Forgot to mention: In the imam bayeldi recipe, you can also add a handful of pine nuts or chopped walnuts to the onion mixture. This increases the protein content and adds a crunchy texture.
Ara, you are a treasure! Thank you for the Turluh and Imam Bayeldi recipes, both appropriate for Lent – or anytime. The reason I haven't posted an Imam Bayeldi recipe, is because, sadly, I do not make eggplant recipes in my home due to my husband's eggplant allergy.
You have contributed so much, I was wondering if you'd mind sending me your photo and some information about you. I'd love to feature you in a future post. Please send to: robyn@thearmeniankitchen.com. Thanks!
Thanks, Robyn. I love cooking and have a particular interest in Armenian cooking, so it is entirely my pleasure to share what I know.
I saw you posted my Neveek recipe. Although I am not vegetarian and don't usually observe Lent, I was thinking about resuscitating some of the vegetarian Lenten recipes that I have. I will send them to you as I remember them (some of them I have to basically redo from memory). The two that I want to try soon are "ich" and "keymah". Ich is sort of like tabbouleh with lots of bulgur. Keymah is bulgur with garlic, sesame paste, and chick peas. Keymah is a recipe from Ourfa, while ich is (I think) pretty common.
As promised, the recipe for "ich", as well as "gheyma" (next post). The recipe for ich was given to my mother by Sister Laurentsia of the Armenian Sisters of the Immaculate Conception way back in 1978-1979. Sister Laurentsia, I should say, was an amazing cook and a veritable encyclopedia of Armenian cuisine.
ICH–
2 onions, minced (not too small)
1 bunch green onion
3 medium tomatoes, diced
1 cup #1 bulgur
Juice of 2 lemons (1/2 cup)
A little tomato paste (1 tbsp)
Black and red pepper, allspice, salt
Saute the onions and green onions in olive oil in this order. Add the tomatoes and cook well.
Take off the fire. Add the remaining ingredients. Stir, then cover to allow the bulgur to absorb the lemon juice and soften.
Arrange on a flat plate and decorate with parsley.
NOTE: I have not tried the recipe yet. It seems to me that some water may be required or maybe you should rinse the bulgur before adding. I will clarify and post.
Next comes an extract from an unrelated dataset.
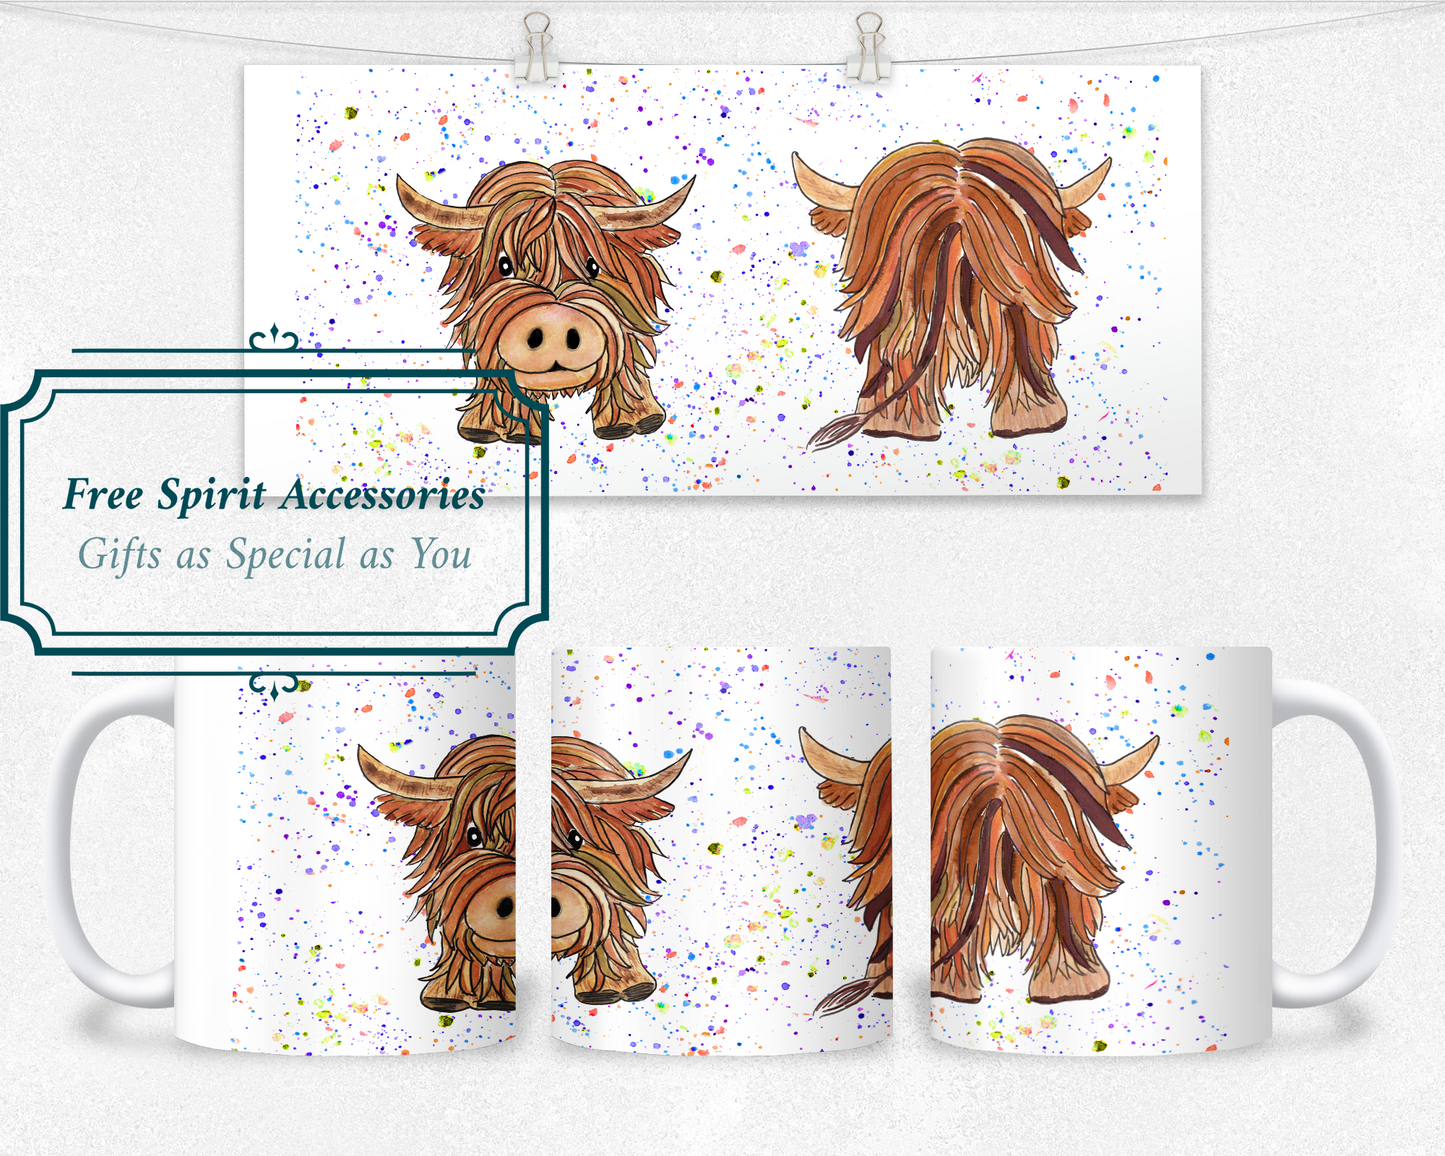  Cute Highland Cow Front and Rear View Mug by Free Spirit Accessories sold by Free Spirit Accessories
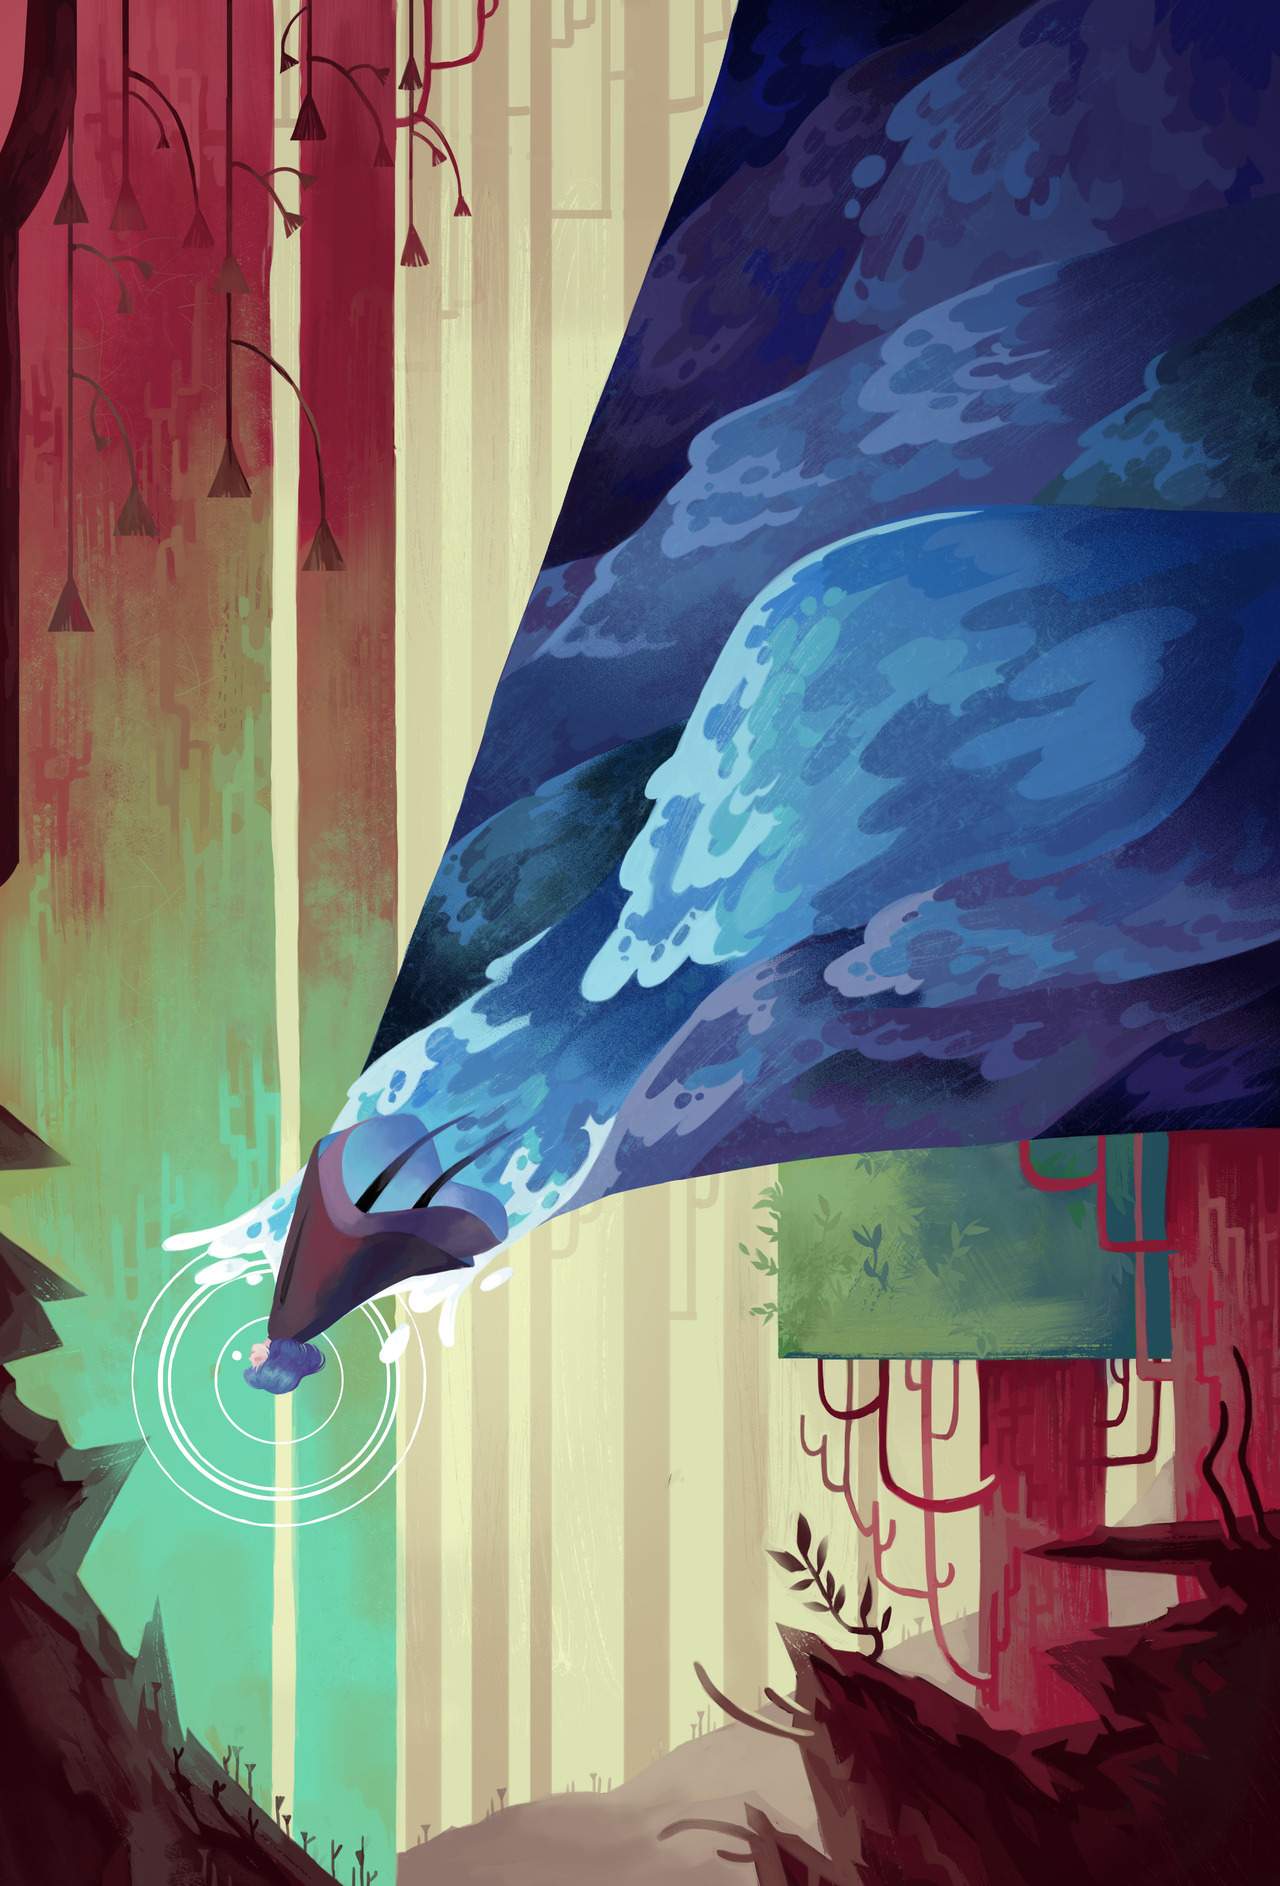 thedustyleaves: Completely forgot to upload this to my tumblr! I worked on this piece

Ich! that is what I was looking for and I could not remember the name! thank you Ara for sharing this recipe!
GHEYMA–
This is a recipe that comes from my aunt's sister-in-law (Digin Arshalouys). My aunt married into a family of Ourfatsis and this recipe is from that region.
I am reproducing the recipe as I received it from my mom.
1 can of chickpeas
1 1/2 cups (or a little more) #1 (fine) bulgur
salt, red pepper (Aleppo is preferable)
Red pepper paste (optional)
1 can of tomato sauce
1 small onion, minced
lemon juice
2-3 green onions
Parsley (a lot)
2-3 tablespoons or a bit more than an Armenian coffee cup of tahine (sesame seed paste).
A little water.
Set aside some chickpeas for decorating.
Crush the chickpeas with a spoon or fork, leaving it fairly coarse. Add the chickpeas with the chickpea juice (from the can) to the bulgur. Set aside to soak.
After it soaks, add spices, pepper paste, tomato sauce, the onion, and mix them. Add lemon juice, green onion, and parsley. Add lemon juice or water if it is thick, to taste.
Garnish with the reserved chickpeas, minced parsley, and red pepper.
More wonderful recipes; Thank you! Please check on the "ich" recipe and let us know if water is missing from the ingredient list – dry bulgur is a bit much to swallow!
So here is the story on water, in the ich recipe: If you follow the recipe and add the 1/2 cup of lemon juice, water should not be necessary, as the bulgur will absorb the juice from the remaining ingredients. If, after doing all this, you find the bulgur a little dry, then add a little hot water.
My mother also sent me a variant of the ich recipe. Everything is done the same way; however, decrease the amount of lemon juice and add instead pomegranate molasses, which are sweet-sour and available in Middle-Eastern markets. Also, add a fair amount of cumin in addition to the other spices ("to prevent gas", according to the recipe).
Ara, Thank you for the liquid update for the "ich" recipe – and, the gas-prevention tip!!
Pasuts dolma is great lent dish. Plus super helthy. I try to make with sour/fermented cabbage to get some good probiotics into my body since during lent you can't have yogurt.